### Data to examine
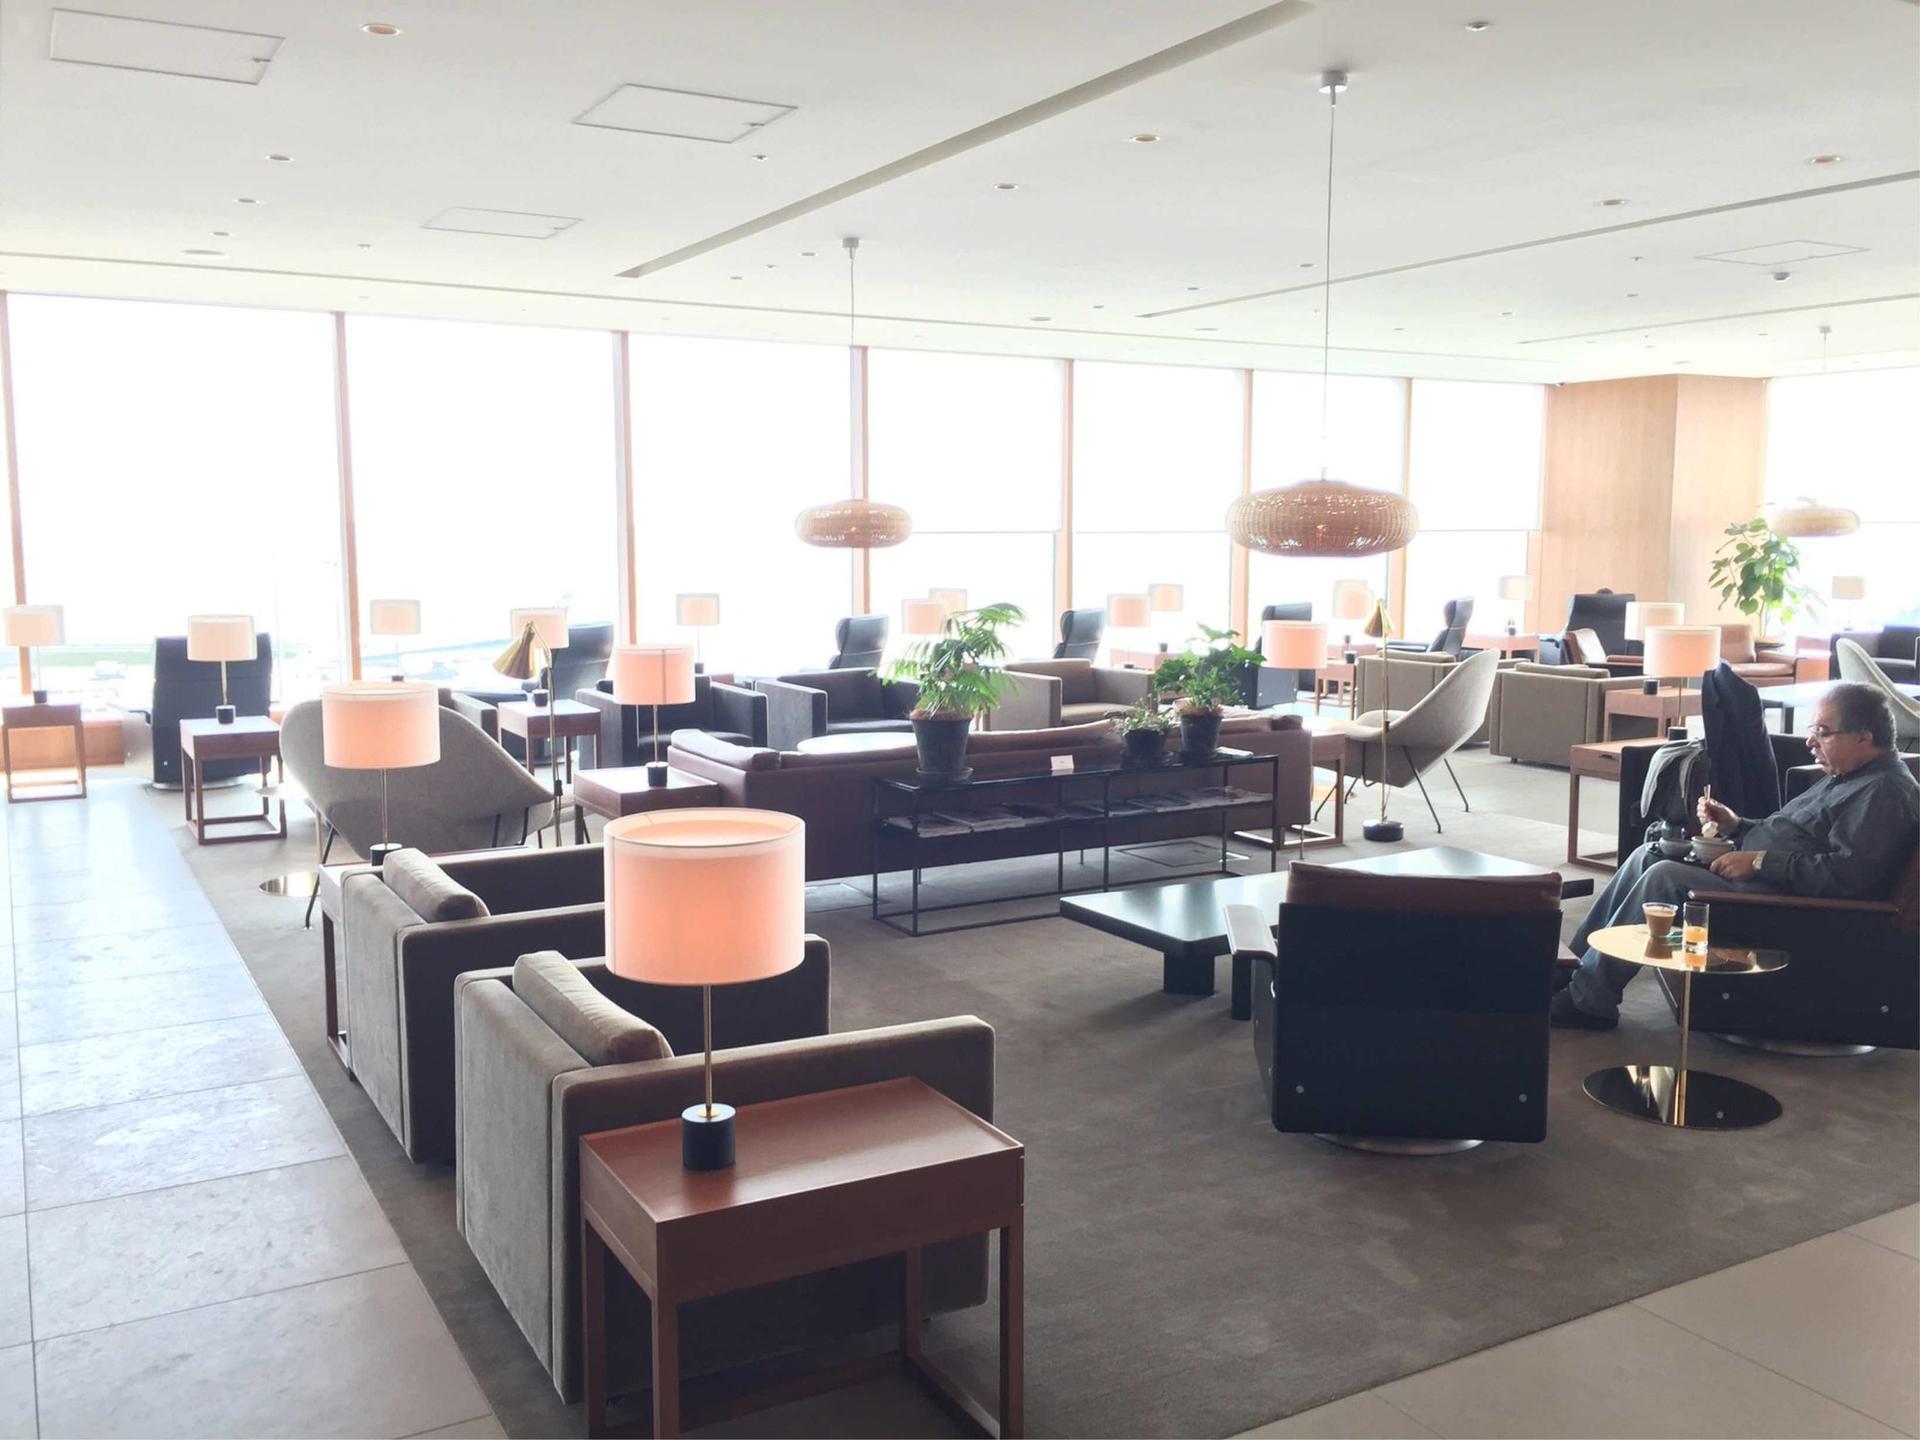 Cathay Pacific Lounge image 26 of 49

--

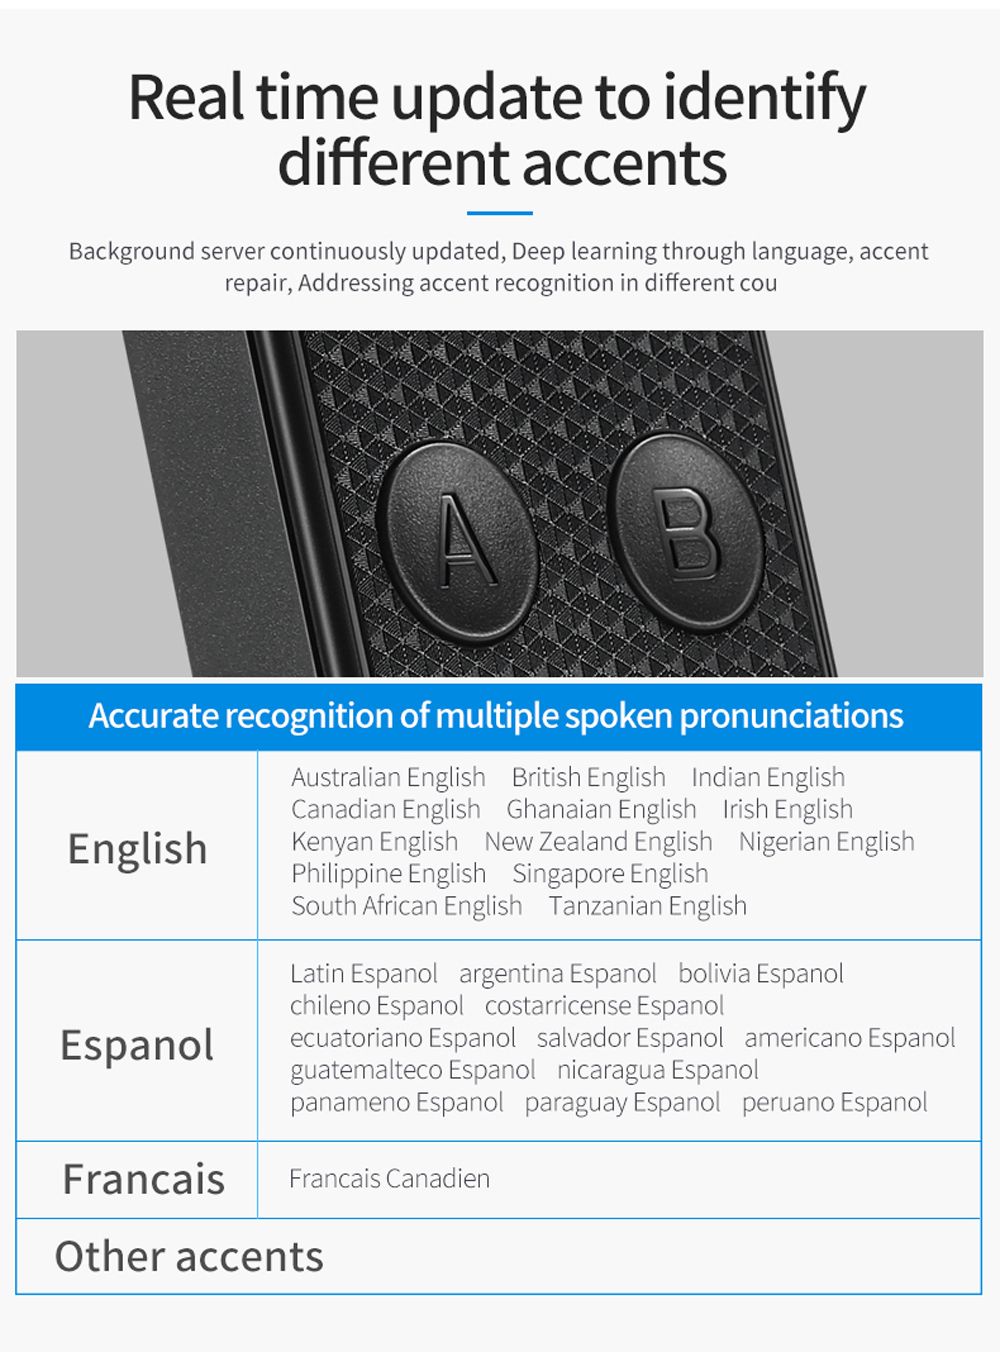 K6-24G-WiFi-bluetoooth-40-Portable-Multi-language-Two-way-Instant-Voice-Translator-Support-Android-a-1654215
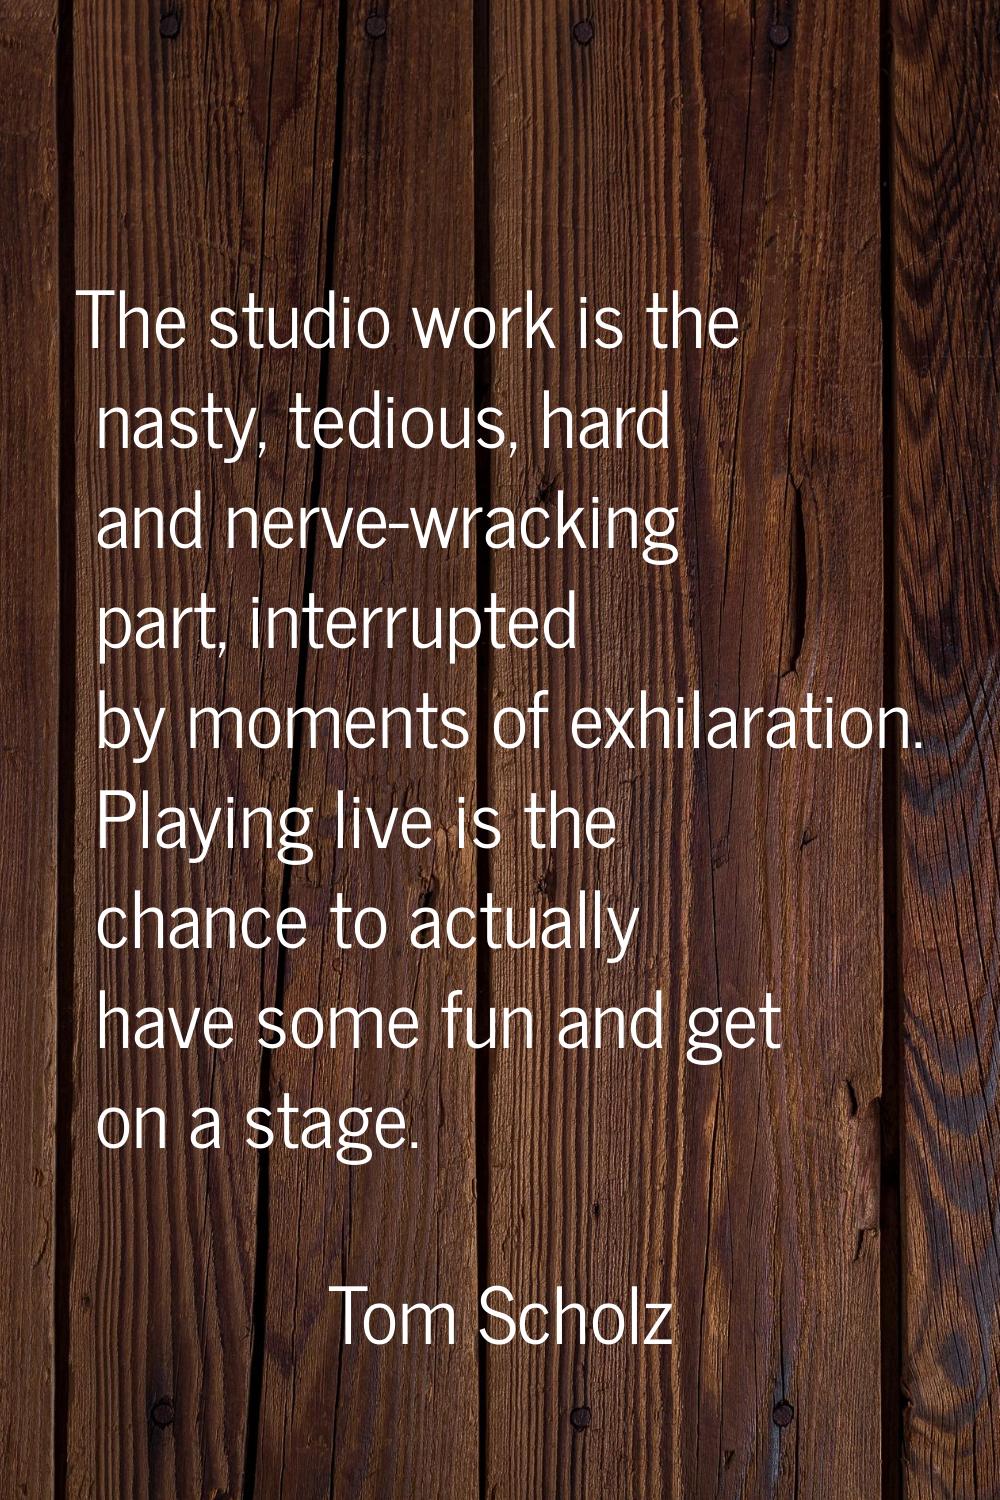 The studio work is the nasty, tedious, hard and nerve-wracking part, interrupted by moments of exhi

---

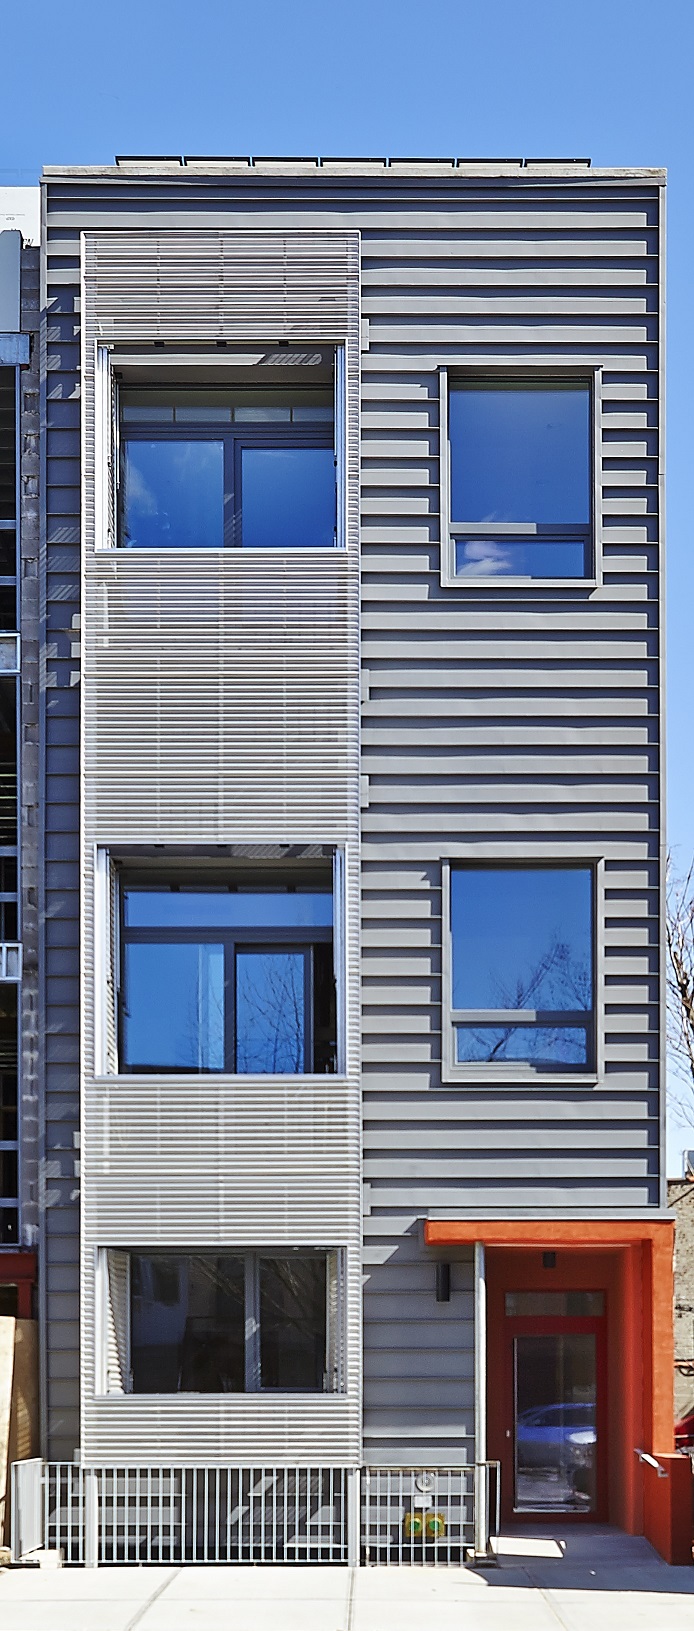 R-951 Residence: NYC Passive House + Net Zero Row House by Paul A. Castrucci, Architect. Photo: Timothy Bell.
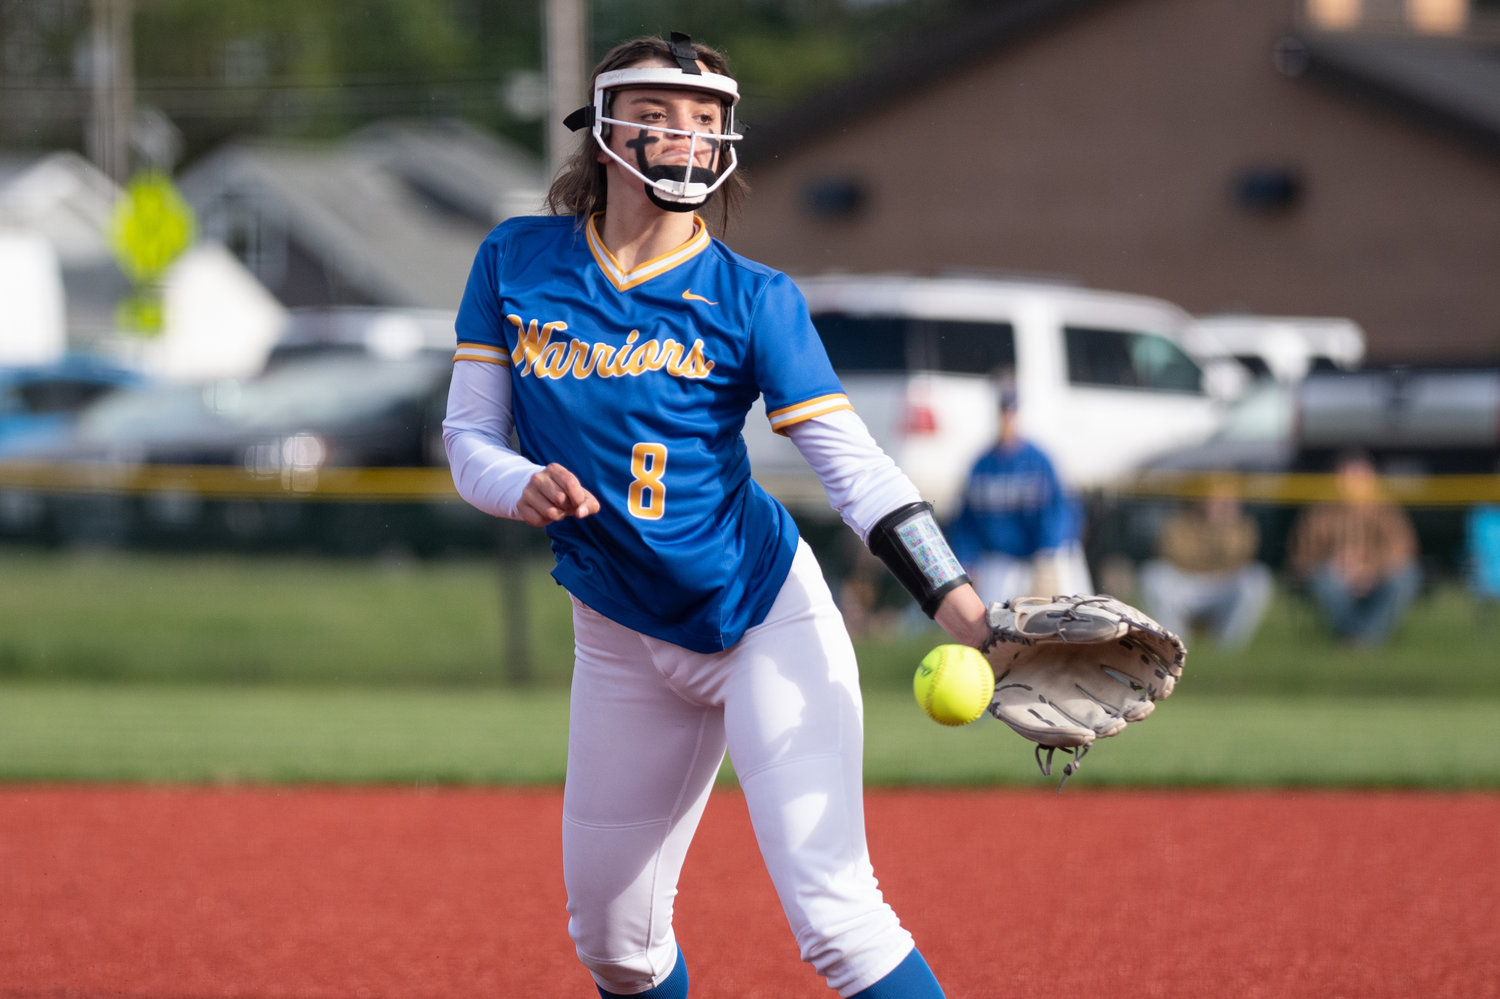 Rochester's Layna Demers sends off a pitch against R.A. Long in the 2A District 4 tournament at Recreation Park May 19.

### What you have to do
What is needed is an exact copy of the lines above, from the one holding "R-951 Residence: NYC" down to the one holding "Rochester's Layna Demers", with those two included and the pictures left out.

### Result of this task
 R-951 Residence: NYC Passive House + Net Zero Row House by Paul A. Castrucci, Architect. Photo: Timothy Bell.
 Rochester's Layna Demers sends off a pitch against R.A. Long in the 2A District 4 tournament at Recreation Park May 19.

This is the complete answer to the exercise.